Tuesday, November 17, 2009

I Am a Kirkman Mom

My son is on a small collection of supplements which are monitored closely by his DAN! doctor and they really do make a difference for him. I have discovered that most of his supplements I can simply get from one place online, Kirkman Labs.

I thought I would share the site there in hopes it would be helpful for other parents. The great thing about them is that their supplements are made for people with food sensitivities. There is no gluten, casein, sugar, or other reaction triggers in their products. I have also found them to be very reliable.

One thing that I love about this company is that this year they were named one of the "Oregon Top 100 Green Businesses" which they have to meet high standards to qualify for. They also have a line of products called Kirkman Kleen and which are natural, safe cleaning products.
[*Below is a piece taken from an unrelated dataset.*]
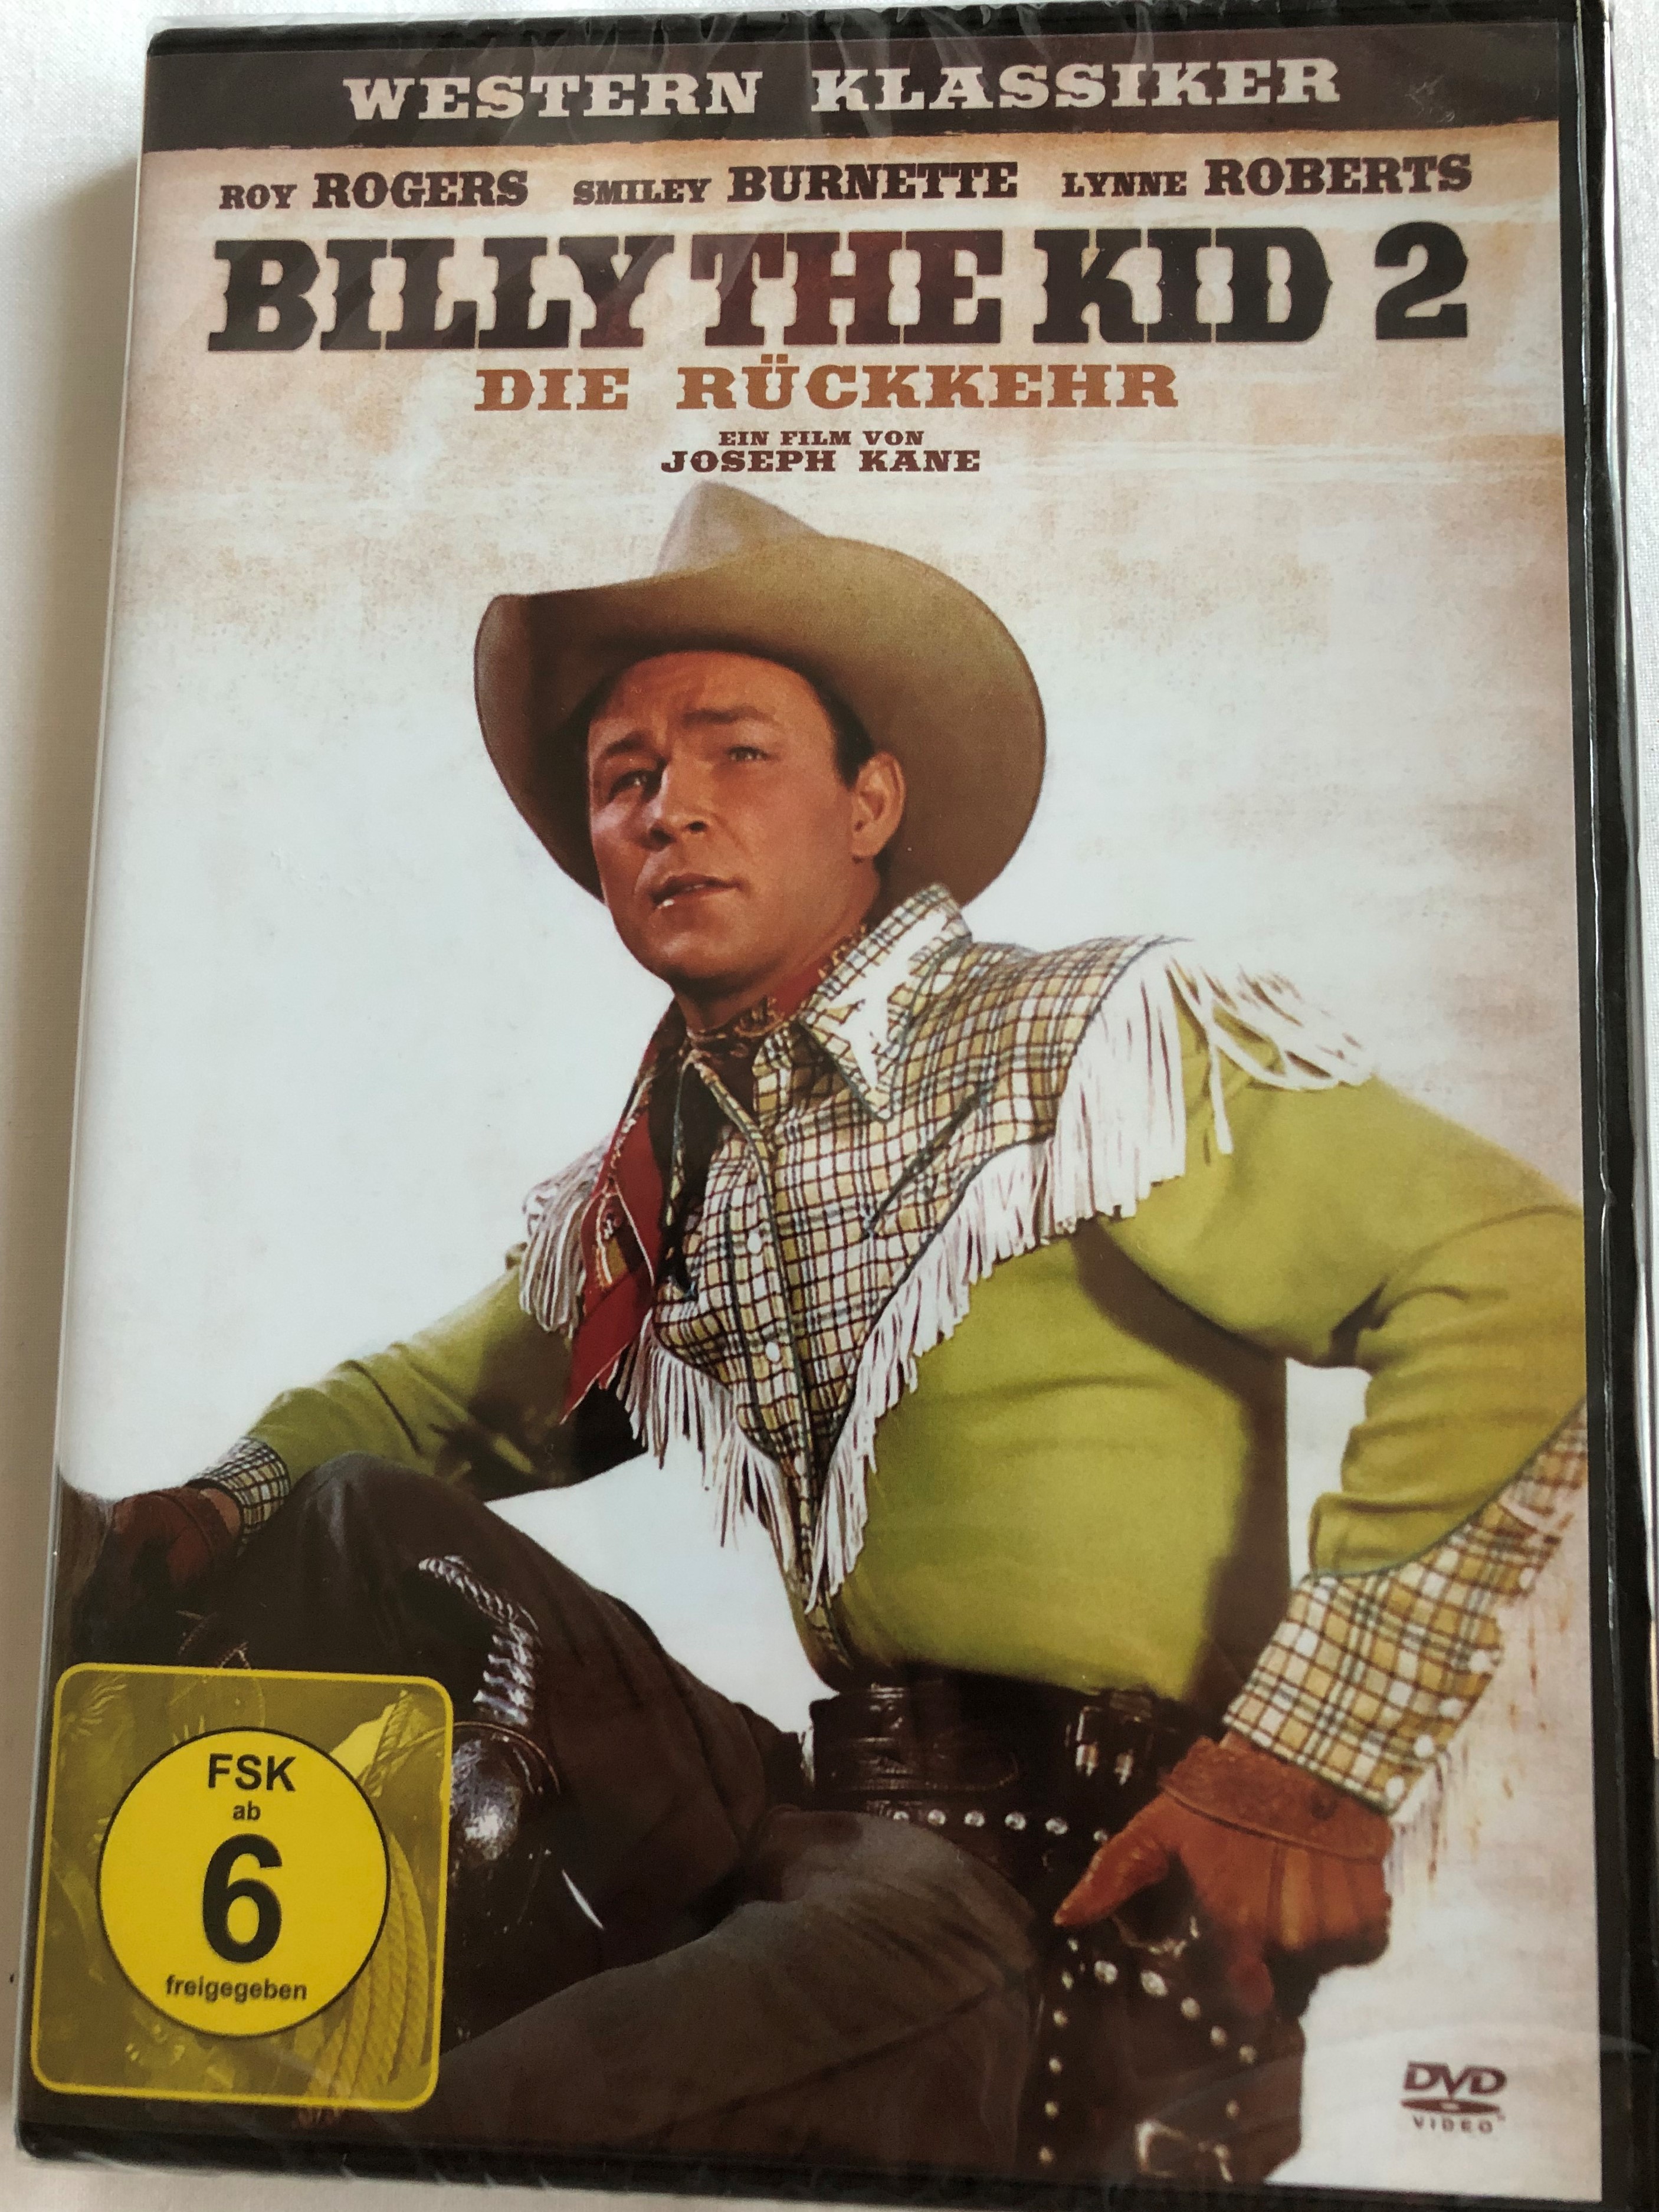 billy-the-kid-2-die-r-ckkehr-dvd-1938-billy-the-kid-2-directed-by-joseph-kane-starring-roy-rogers-smiley-burnette-lynne-roberts-western-klassiker-1-.jpg

Go Kirkman!

Kirkman Labs is on Rosewood Lane in Lake Oswego, Oregon, near to the place where my uncle and aunt lived when I was a child. We lived across the river and we visited them often, so I suppose that is another thing they've got going for them in my book. :)

Check it out here: kirkmanlabs.com

Thursday, November 12, 2009

Parent Training

My son's autism preschoool has parent training nights and I think it is so wonderful because parent education makes all the difference. Tonight after coming home from one, however, I have to admit I am alittle frustrated. Some parents were discussing "the diet" and basically putting down biochemical intervention. It was obvious that they had not tried to educate themselves on it. I told them I have been doing biochemical intervention for a year, I told them about the monumental difference (his social smile, understanding discipline, etc.) I said there is a book they can read, (Changing the Course of Autism, by Dr. Bryan Jepson,) and that I am willing to talk to anyone about it. After that I tried to keep my mouth closed. It was hard because I feel like even if they choose not to do it, they should not discredit it. To me that is wrong. One parent approached me afterward, and she understood exactly how I felt! "Some people are so ignorant about food," she said. I can't explain how relieved I am that there is another parent like me in the group and I look forward to talking to her again on the subject.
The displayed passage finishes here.